Proposition 7.2 The algebra $\mathcal{B}\left(\mathfrak{E}{+}(q)\right)$ is presented by generators $x{1}, x_{2}, x_{3}$ and relations
\begin{aligned} x_{1}^{2} &=0, \quad x_{2}^{2}=0, \quad x_{1} x_{2}=-x_{2} x_{1}, \ \left(x_{2} x_{3}-q x_{3} x_{2}\right)^{2} &=0, \quad x_{3}^{p}=0, \ x_{3}\left(x_{2} x_{3}-q x_{3} x_{2}\right) &=q{ }^{-1}\left(x_{2} x_{3}-q x_{3} x_{2}\right) x_{3}, \ x_{1} x_{3} &=q x_{3} x_{1} . \end{aligned}
Let $z_{1}=x_{2} x_{3}-q x_{3} x_{2}$. Then $\mathcal{B}\left(\mathfrak{E}{+}(q)\right)$ has a PBW-basis $$B=\left{x{1}^{m_{1}} x_{2}^{m_{1}} x_{3}^{m_{3}} z_{1}^{m_{4}}: m_{1}, m_{2}, m_{4} \in{0,1}, m_{3} \in \mathbb{I}{0, p-1}\right}$$ hence $\operatorname{dim} \mathcal{B}\left(\mathfrak{E}{+}(q)\right)=2^{3} p$.
Proof Notice that $x_{3}^{p}=0$ since $x_{3}$ is a point labeled with $q_{22}=1$ in $K^{1}$. Also, $B$ is a basis thanks to the isomorphism $\mathscr{B}\left(\mathfrak{E}{+}(q)\right) \simeq \mathscr{B}\left(K^{1}\right) # \mathscr{B}\left(V{1}\right)$. The rest of the proof follows as in [AAH1, Proposition 8.1.6].
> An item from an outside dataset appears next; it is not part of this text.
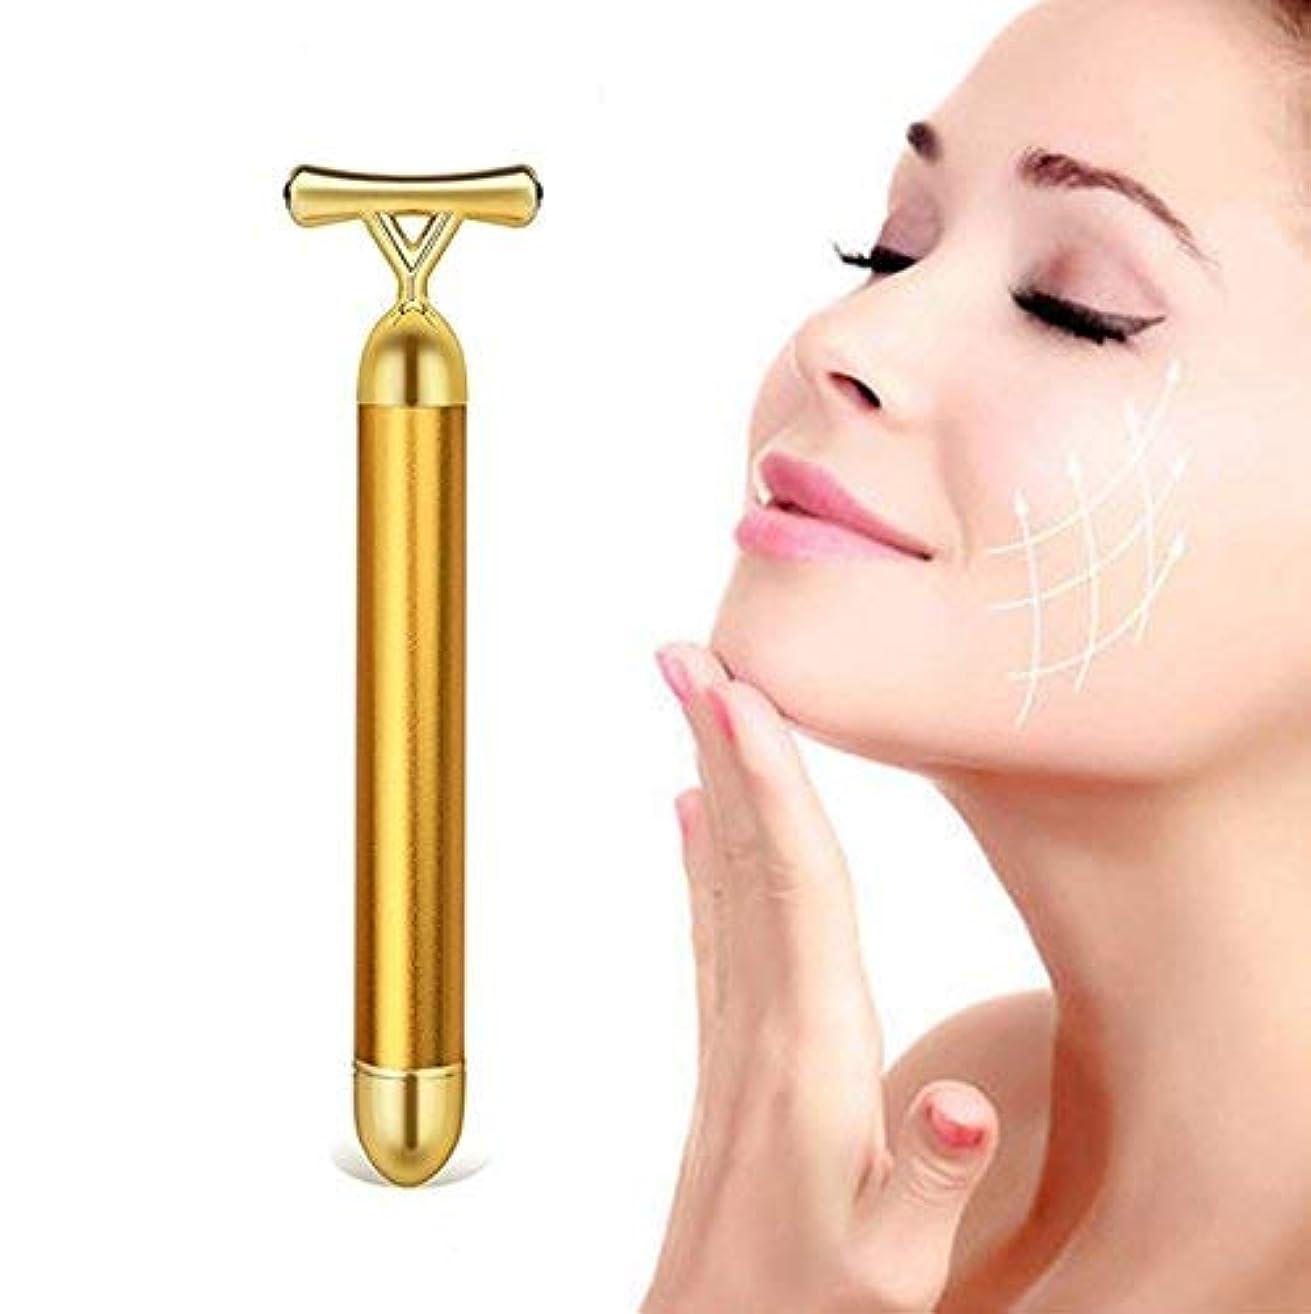 スケルトン貴重な競合他社選手Beauty Bar 24k Golden Pulse Facial Massager Y-Shape Electric Face Massage Tools Gold Stick Skincare Wrinkle Treatment...

Proposition $7.3$ The algebra $\mathcal{B}\left(\mathfrak{E}{-}(q)\right)$ is presented by generators $x{1}, x_{2}, x_{3}$ and relations $(7.17),(7.20)$,
\begin{aligned} x_{3}^{2} &=0, \quad\left(x_{2} x_{3}-q x_{3} x_{2}\right)^{p}=0, \ x_{3}\left(x_{2} x_{3}-q x_{3} x_{2}\right) &=-q^{-1}\left(x_{2} x_{3}-q x_{3} x_{2}\right) x_{3} . \end{aligned}
Let $z_{1}=x_{2} x_{3}-q x_{3} x_{2}$. Then $\mathcal{B}\left(\mathfrak{E}{-}(q)\right)$ has a $P B W$-basis $$\boldsymbol{B}=\left{x{1}^{m_{1}} x_{2}^{m_{2}} x_{3}^{m_{3}} z_{1}^{m_{4}}: m_{1}, m_{2}, m_{3} \in{0,1}, m_{4} \in \mathbb{I}{0, p-1}\right}$$ hence $\operatorname{dim} \mathcal{B}\left(E{-}(q)\right)=2^{3} p$.

## 数学代写|表示论代写Representation theory代考|A Pale Block and a Point

\left(c\left(x_{i} \otimes x_{j}\right)\right) {i, j \in I {3}}=\left(

εX1⊗X1εX2⊗X1q12X3⊗X1 εX1⊗X2εX2⊗X2q12X3⊗X2 q21X1⊗X3q21(X2+X1)⊗X3q22X3⊗X3\right)


(一个dCX1)米(广告⁡CX2)nX3; 我们区分两种情况：

G1⋅我我米,n=q12ε米+n我我我米,n,G2⋅在米=q21米q22在米 和n+1=X2和n−q12εn和nX2,米我米+1,n=X1我我米,n−q12ε米+n我我米,nX1 ∂1(米我米,n)=0,∂2(米我米,n)=0 ∂3(在米)=∏0≤j≤米−1(1−εjq~12)X1米

## 数学代写|表示论代写Representation theory代考|The Block Has =1

(广告⁡CX2)s我我米,n=我我我米,n+s 对所有人 米,n,s∈ñ0因此米我米,n,米,n∈ñ0产生ķ1. 如 [AAH1,§§8.1]，我们有

G2⋅我我米,n=q21米+nq22∑0≤j≤n(n j)米米+j,n−j为了q∈ķ×， 让∈p(q)=在是（7.1）中的编织向量空间，假设如下：ε=1,q12=q=q21−1,q22=−1. 我们称之为乙(和p(q))和 Nichols 代数乙乙(和±(q)),乙(和⋆(q))在命题中学习7.2−7.4Endymion 代数。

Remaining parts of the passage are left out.